### Problem:
Your reply should consist only of the lines from the one holding "robot vrouw wandelingen" to the last line of the data below, written out exactly and without pictures.

** Opening Provided material block **

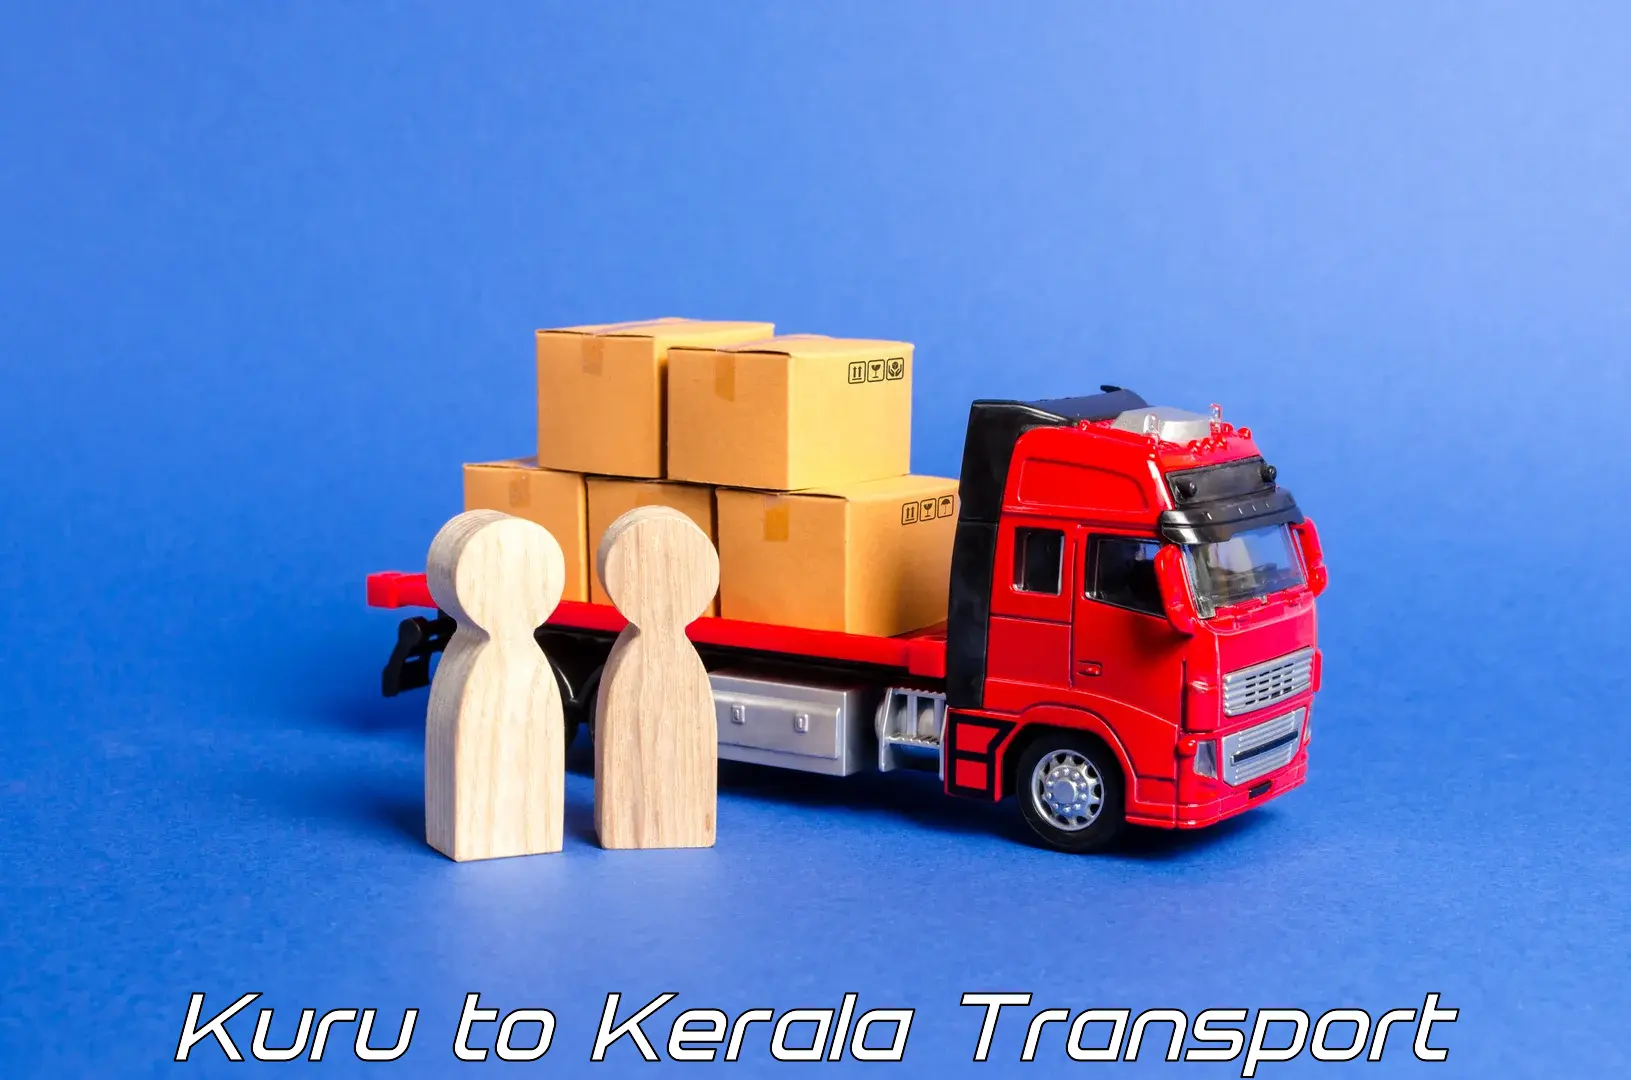 Daily parcel service transport in Kuru to Thrissur
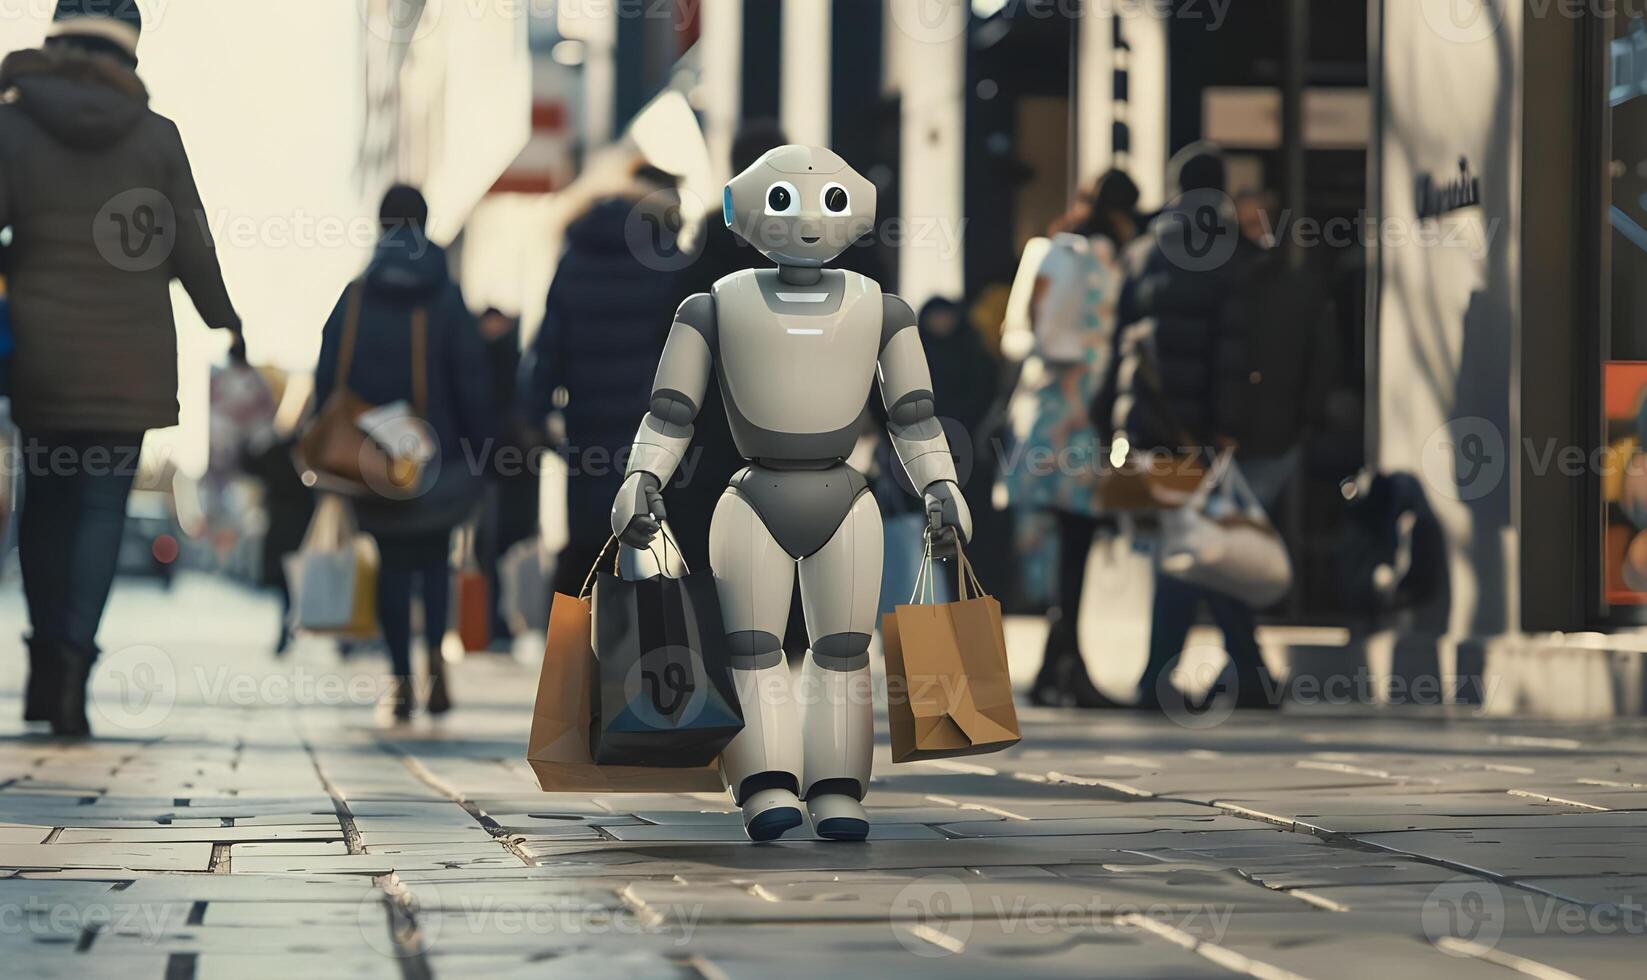 robot vrouw wandelingen met boodschappen doen Tassen. robot met boodschappen doen Tassen wandelingen Aan een straat tussen mensen. een robot wandelingen boodschappen doen Tassen in een afdeling op te slaan. foto
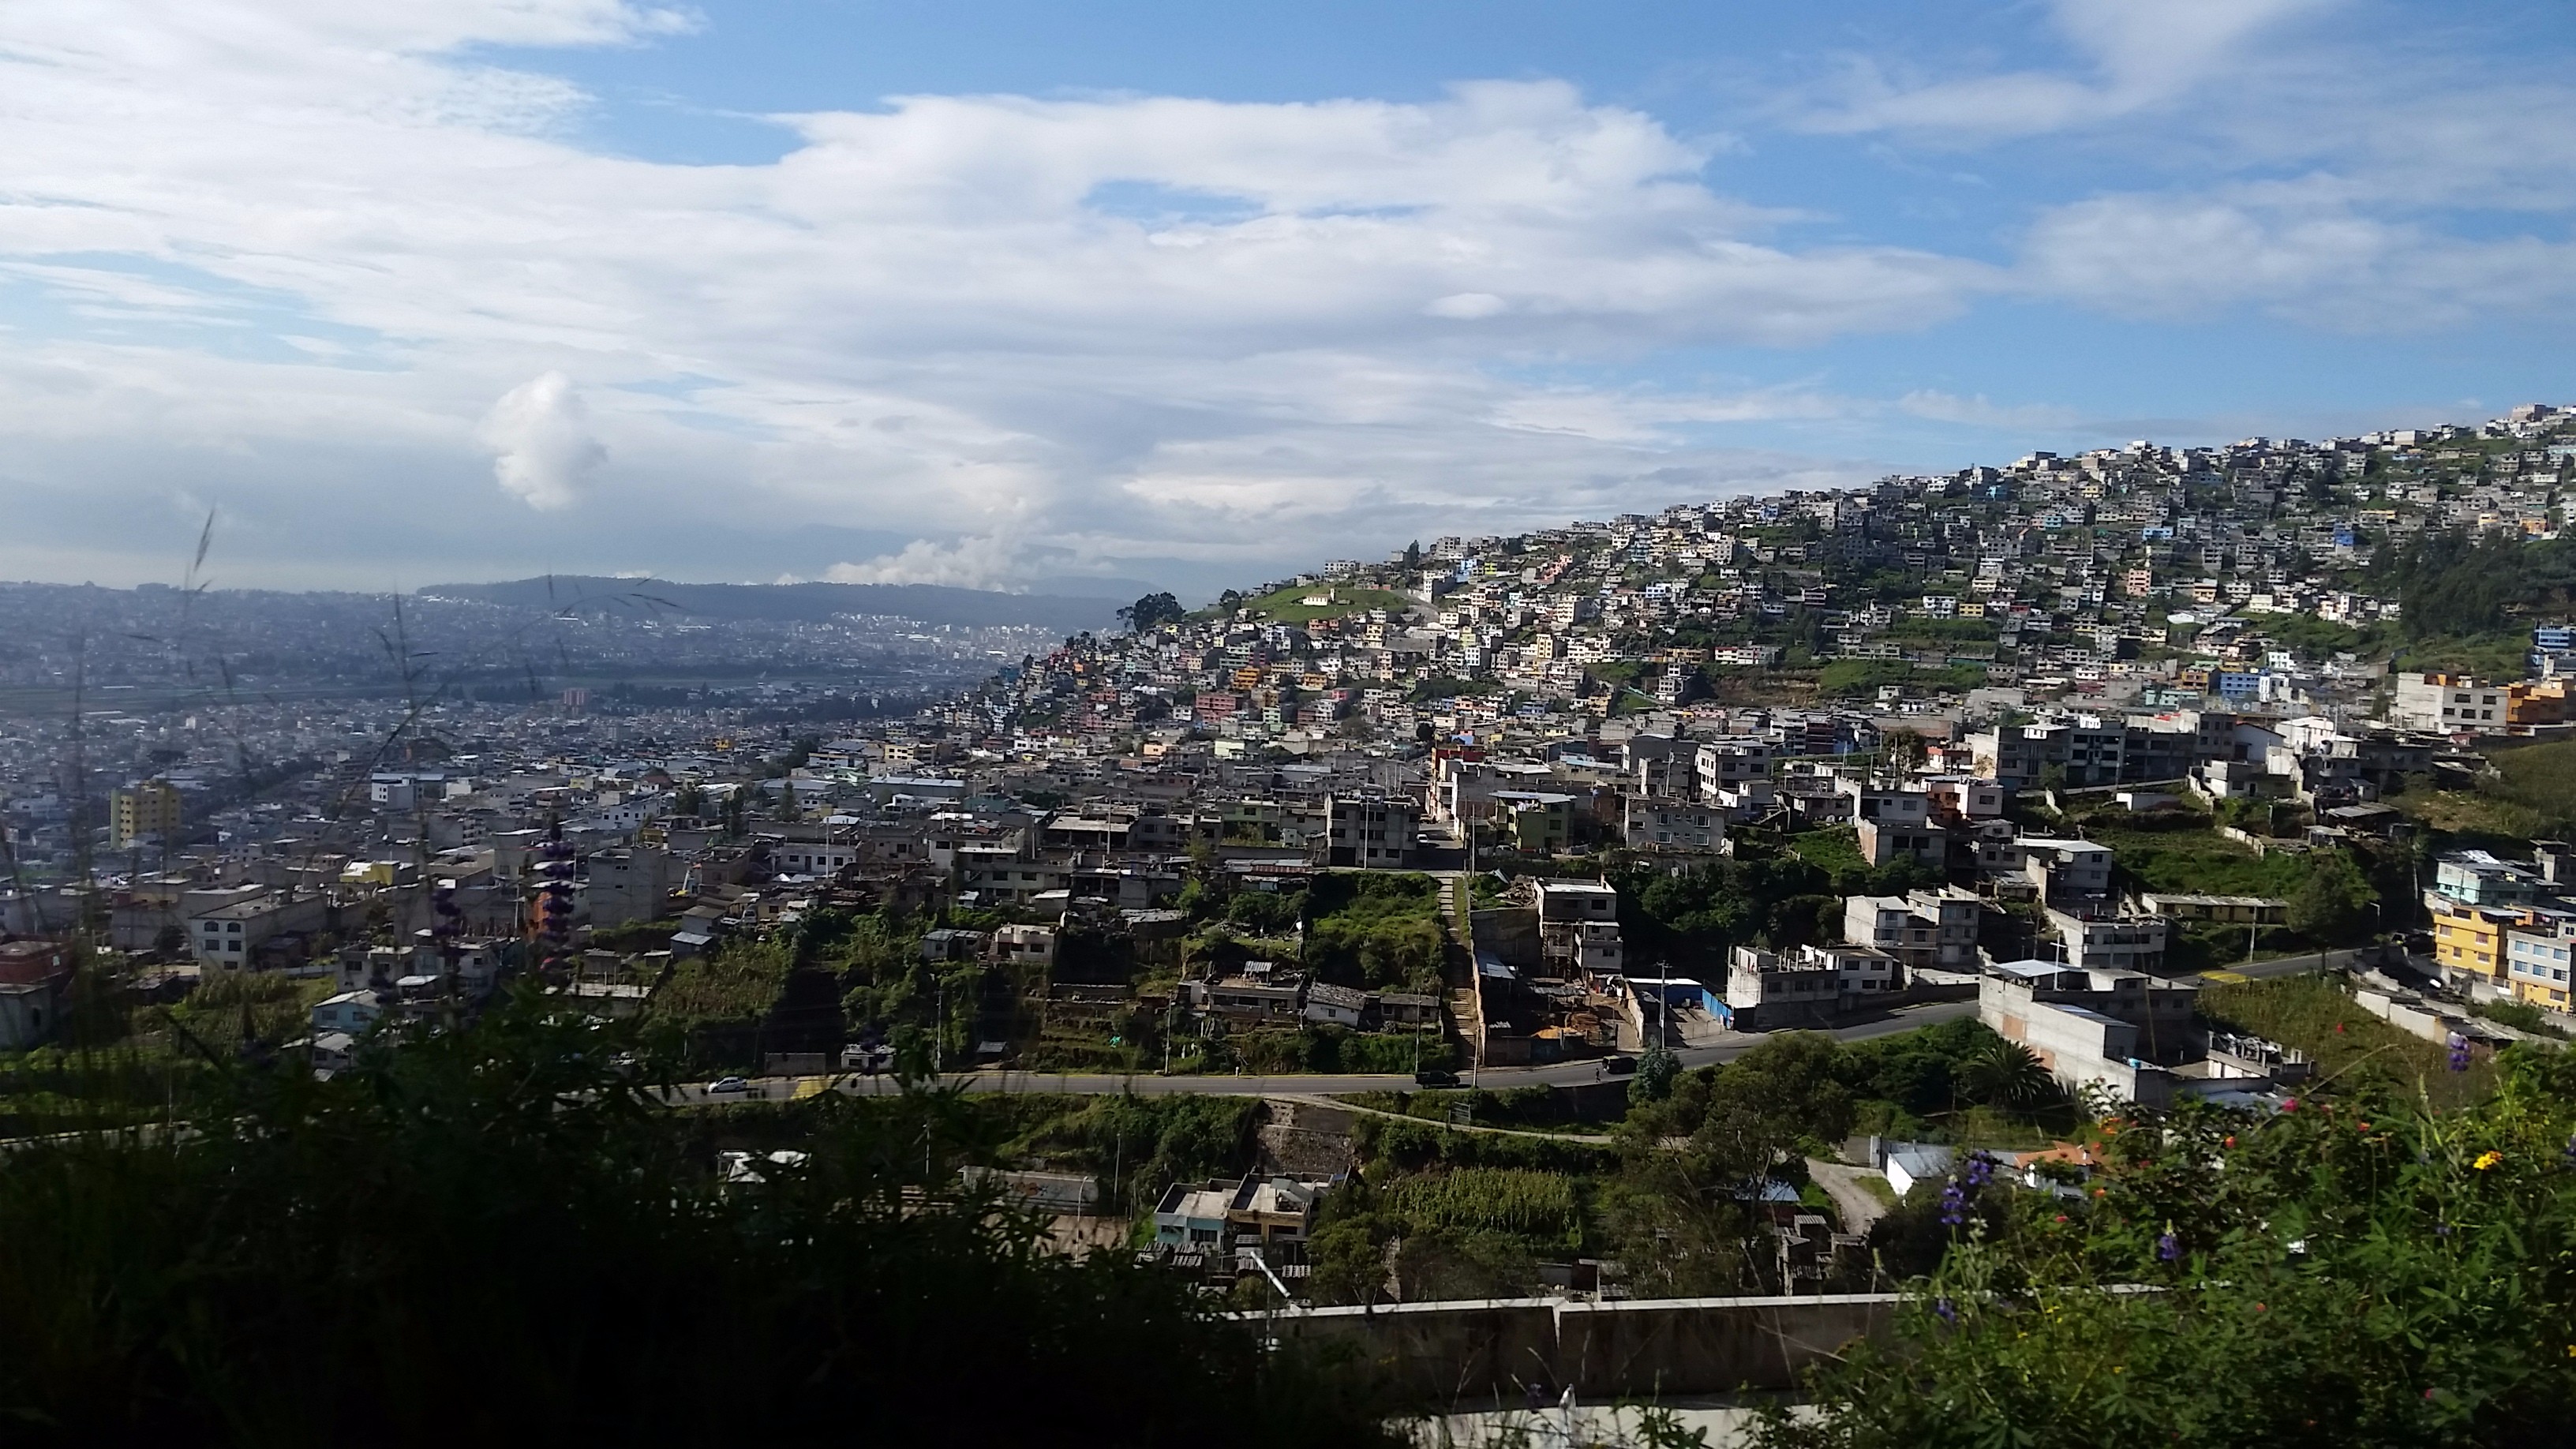 Another Quito vista.

** Closing Provided material block **

### Answer to the problem:
 robot vrouw wandelingen met boodschappen doen Tassen. robot met boodschappen doen Tassen wandelingen Aan een straat tussen mensen. een robot wandelingen boodschappen doen Tassen in een afdeling op te slaan. foto
 Another Quito vista.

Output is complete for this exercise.